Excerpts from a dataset
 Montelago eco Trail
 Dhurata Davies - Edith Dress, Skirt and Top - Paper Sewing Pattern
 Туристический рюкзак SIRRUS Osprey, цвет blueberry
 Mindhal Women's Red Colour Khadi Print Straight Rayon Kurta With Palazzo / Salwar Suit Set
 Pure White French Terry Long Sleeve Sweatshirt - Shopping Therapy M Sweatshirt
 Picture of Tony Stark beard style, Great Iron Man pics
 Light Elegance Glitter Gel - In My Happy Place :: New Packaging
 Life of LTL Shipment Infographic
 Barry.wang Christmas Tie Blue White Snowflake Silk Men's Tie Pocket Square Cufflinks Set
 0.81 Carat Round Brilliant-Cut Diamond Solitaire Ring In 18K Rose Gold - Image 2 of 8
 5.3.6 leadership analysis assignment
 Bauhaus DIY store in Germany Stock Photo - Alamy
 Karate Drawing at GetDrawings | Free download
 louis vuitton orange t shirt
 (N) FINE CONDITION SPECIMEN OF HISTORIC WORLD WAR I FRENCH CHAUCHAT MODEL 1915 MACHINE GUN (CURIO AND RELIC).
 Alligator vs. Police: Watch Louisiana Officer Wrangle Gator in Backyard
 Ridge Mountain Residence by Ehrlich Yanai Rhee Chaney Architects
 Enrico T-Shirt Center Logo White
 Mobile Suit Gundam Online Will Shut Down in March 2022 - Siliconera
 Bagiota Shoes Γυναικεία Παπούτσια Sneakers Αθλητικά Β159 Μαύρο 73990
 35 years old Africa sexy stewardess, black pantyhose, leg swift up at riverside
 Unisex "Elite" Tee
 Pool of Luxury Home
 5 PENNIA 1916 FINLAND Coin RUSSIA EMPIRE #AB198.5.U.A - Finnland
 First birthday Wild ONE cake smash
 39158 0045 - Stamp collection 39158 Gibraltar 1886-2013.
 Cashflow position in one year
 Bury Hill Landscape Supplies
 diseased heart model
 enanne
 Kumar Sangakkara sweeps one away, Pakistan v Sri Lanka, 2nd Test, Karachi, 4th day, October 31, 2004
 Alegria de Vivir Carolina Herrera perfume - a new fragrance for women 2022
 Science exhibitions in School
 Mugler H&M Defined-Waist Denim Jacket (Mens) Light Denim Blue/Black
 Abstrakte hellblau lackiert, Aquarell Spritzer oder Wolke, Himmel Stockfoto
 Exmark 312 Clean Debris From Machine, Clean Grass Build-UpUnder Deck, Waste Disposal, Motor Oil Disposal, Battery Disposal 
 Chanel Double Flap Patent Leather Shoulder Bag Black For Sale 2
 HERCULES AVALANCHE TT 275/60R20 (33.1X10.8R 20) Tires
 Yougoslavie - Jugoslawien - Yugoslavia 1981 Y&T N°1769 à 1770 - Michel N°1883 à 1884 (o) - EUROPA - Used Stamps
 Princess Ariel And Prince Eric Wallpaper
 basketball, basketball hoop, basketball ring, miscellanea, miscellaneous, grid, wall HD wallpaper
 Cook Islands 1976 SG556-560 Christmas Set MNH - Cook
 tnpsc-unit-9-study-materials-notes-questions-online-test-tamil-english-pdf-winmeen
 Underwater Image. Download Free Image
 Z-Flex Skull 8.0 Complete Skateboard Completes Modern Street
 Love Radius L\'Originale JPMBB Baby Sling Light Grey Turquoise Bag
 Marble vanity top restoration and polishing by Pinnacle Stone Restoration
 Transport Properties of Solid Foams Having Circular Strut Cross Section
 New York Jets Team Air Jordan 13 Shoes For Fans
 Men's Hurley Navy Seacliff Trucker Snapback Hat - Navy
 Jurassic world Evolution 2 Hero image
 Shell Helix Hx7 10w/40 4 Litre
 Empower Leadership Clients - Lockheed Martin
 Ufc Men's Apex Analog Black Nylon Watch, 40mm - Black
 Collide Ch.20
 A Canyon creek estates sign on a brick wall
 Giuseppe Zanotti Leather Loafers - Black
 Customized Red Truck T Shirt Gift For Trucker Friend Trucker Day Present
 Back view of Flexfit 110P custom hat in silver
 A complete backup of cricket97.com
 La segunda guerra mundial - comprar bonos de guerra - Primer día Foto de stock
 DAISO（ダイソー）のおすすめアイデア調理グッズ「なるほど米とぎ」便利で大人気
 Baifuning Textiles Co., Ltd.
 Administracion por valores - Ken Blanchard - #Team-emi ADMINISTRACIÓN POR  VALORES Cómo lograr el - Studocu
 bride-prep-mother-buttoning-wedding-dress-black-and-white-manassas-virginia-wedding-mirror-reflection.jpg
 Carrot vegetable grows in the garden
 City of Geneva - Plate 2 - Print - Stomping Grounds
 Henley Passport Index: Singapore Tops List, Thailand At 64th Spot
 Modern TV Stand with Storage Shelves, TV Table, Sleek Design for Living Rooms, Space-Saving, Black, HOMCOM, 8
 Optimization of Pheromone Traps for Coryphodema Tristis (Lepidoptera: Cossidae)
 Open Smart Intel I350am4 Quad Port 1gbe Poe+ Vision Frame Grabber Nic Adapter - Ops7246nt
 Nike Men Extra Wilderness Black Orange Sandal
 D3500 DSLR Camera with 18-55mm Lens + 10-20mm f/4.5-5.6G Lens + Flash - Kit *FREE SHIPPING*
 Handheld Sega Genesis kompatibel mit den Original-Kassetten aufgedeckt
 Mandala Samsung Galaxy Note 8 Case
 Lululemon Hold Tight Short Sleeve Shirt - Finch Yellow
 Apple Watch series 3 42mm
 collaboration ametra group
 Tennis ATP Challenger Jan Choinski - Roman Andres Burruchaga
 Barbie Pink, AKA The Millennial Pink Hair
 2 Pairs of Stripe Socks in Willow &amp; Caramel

Prompt » What you should produce is an exact copy of the records above.

Completed exercise »
 Montelago eco Trail
 Dhurata Davies - Edith Dress, Skirt and Top - Paper Sewing Pattern
 Туристический рюкзак SIRRUS Osprey, цвет blueberry
 Mindhal Women's Red Colour Khadi Print Straight Rayon Kurta With Palazzo / Salwar Suit Set
 Pure White French Terry Long Sleeve Sweatshirt - Shopping Therapy M Sweatshirt
 Picture of Tony Stark beard style, Great Iron Man pics
 Light Elegance Glitter Gel - In My Happy Place :: New Packaging
 Life of LTL Shipment Infographic
 Barry.wang Christmas Tie Blue White Snowflake Silk Men's Tie Pocket Square Cufflinks Set
 0.81 Carat Round Brilliant-Cut Diamond Solitaire Ring In 18K Rose Gold - Image 2 of 8
 5.3.6 leadership analysis assignment
 Bauhaus DIY store in Germany Stock Photo - Alamy
 Karate Drawing at GetDrawings | Free download
 louis vuitton orange t shirt
 (N) FINE CONDITION SPECIMEN OF HISTORIC WORLD WAR I FRENCH CHAUCHAT MODEL 1915 MACHINE GUN (CURIO AND RELIC).
 Alligator vs. Police: Watch Louisiana Officer Wrangle Gator in Backyard
 Ridge Mountain Residence by Ehrlich Yanai Rhee Chaney Architects
 Enrico T-Shirt Center Logo White
 Mobile Suit Gundam Online Will Shut Down in March 2022 - Siliconera
 Bagiota Shoes Γυναικεία Παπούτσια Sneakers Αθλητικά Β159 Μαύρο 73990
 35 years old Africa sexy stewardess, black pantyhose, leg swift up at riverside
 Unisex "Elite" Tee
 Pool of Luxury Home
 5 PENNIA 1916 FINLAND Coin RUSSIA EMPIRE #AB198.5.U.A - Finnland
 First birthday Wild ONE cake smash
 39158 0045 - Stamp collection 39158 Gibraltar 1886-2013.
 Cashflow position in one year
 Bury Hill Landscape Supplies
 diseased heart model
 enanne
 Kumar Sangakkara sweeps one away, Pakistan v Sri Lanka, 2nd Test, Karachi, 4th day, October 31, 2004
 Alegria de Vivir Carolina Herrera perfume - a new fragrance for women 2022
 Science exhibitions in School
 Mugler H&M Defined-Waist Denim Jacket (Mens) Light Denim Blue/Black
 Abstrakte hellblau lackiert, Aquarell Spritzer oder Wolke, Himmel Stockfoto
 Exmark 312 Clean Debris From Machine, Clean Grass Build-UpUnder Deck, Waste Disposal, Motor Oil Disposal, Battery Disposal 
 Chanel Double Flap Patent Leather Shoulder Bag Black For Sale 2
 HERCULES AVALANCHE TT 275/60R20 (33.1X10.8R 20) Tires
 Yougoslavie - Jugoslawien - Yugoslavia 1981 Y&T N°1769 à 1770 - Michel N°1883 à 1884 (o) - EUROPA - Used Stamps
 Princess Ariel And Prince Eric Wallpaper
 basketball, basketball hoop, basketball ring, miscellanea, miscellaneous, grid, wall HD wallpaper
 Cook Islands 1976 SG556-560 Christmas Set MNH - Cook
 tnpsc-unit-9-study-materials-notes-questions-online-test-tamil-english-pdf-winmeen
 Underwater Image. Download Free Image
 Z-Flex Skull 8.0 Complete Skateboard Completes Modern Street
 Love Radius L\'Originale JPMBB Baby Sling Light Grey Turquoise Bag
 Marble vanity top restoration and polishing by Pinnacle Stone Restoration
 Transport Properties of Solid Foams Having Circular Strut Cross Section
 New York Jets Team Air Jordan 13 Shoes For Fans
 Men's Hurley Navy Seacliff Trucker Snapback Hat - Navy
 Jurassic world Evolution 2 Hero image
 Shell Helix Hx7 10w/40 4 Litre
 Empower Leadership Clients - Lockheed Martin
 Ufc Men's Apex Analog Black Nylon Watch, 40mm - Black
 Collide Ch.20
 A Canyon creek estates sign on a brick wall
 Giuseppe Zanotti Leather Loafers - Black
 Customized Red Truck T Shirt Gift For Trucker Friend Trucker Day Present
 Back view of Flexfit 110P custom hat in silver
 A complete backup of cricket97.com
 La segunda guerra mundial - comprar bonos de guerra - Primer día Foto de stock
 DAISO（ダイソー）のおすすめアイデア調理グッズ「なるほど米とぎ」便利で大人気
 Baifuning Textiles Co., Ltd.
 Administracion por valores - Ken Blanchard - #Team-emi ADMINISTRACIÓN POR  VALORES Cómo lograr el - Studocu
 bride-prep-mother-buttoning-wedding-dress-black-and-white-manassas-virginia-wedding-mirror-reflection.jpg
 Carrot vegetable grows in the garden
 City of Geneva - Plate 2 - Print - Stomping Grounds
 Henley Passport Index: Singapore Tops List, Thailand At 64th Spot
 Modern TV Stand with Storage Shelves, TV Table, Sleek Design for Living Rooms, Space-Saving, Black, HOMCOM, 8
 Optimization of Pheromone Traps for Coryphodema Tristis (Lepidoptera: Cossidae)
 Open Smart Intel I350am4 Quad Port 1gbe Poe+ Vision Frame Grabber Nic Adapter - Ops7246nt
 Nike Men Extra Wilderness Black Orange Sandal
 D3500 DSLR Camera with 18-55mm Lens + 10-20mm f/4.5-5.6G Lens + Flash - Kit *FREE SHIPPING*
 Handheld Sega Genesis kompatibel mit den Original-Kassetten aufgedeckt
 Mandala Samsung Galaxy Note 8 Case
 Lululemon Hold Tight Short Sleeve Shirt - Finch Yellow
 Apple Watch series 3 42mm
 collaboration ametra group
 Tennis ATP Challenger Jan Choinski - Roman Andres Burruchaga
 Barbie Pink, AKA The Millennial Pink Hair
 2 Pairs of Stripe Socks in Willow &amp; Caramel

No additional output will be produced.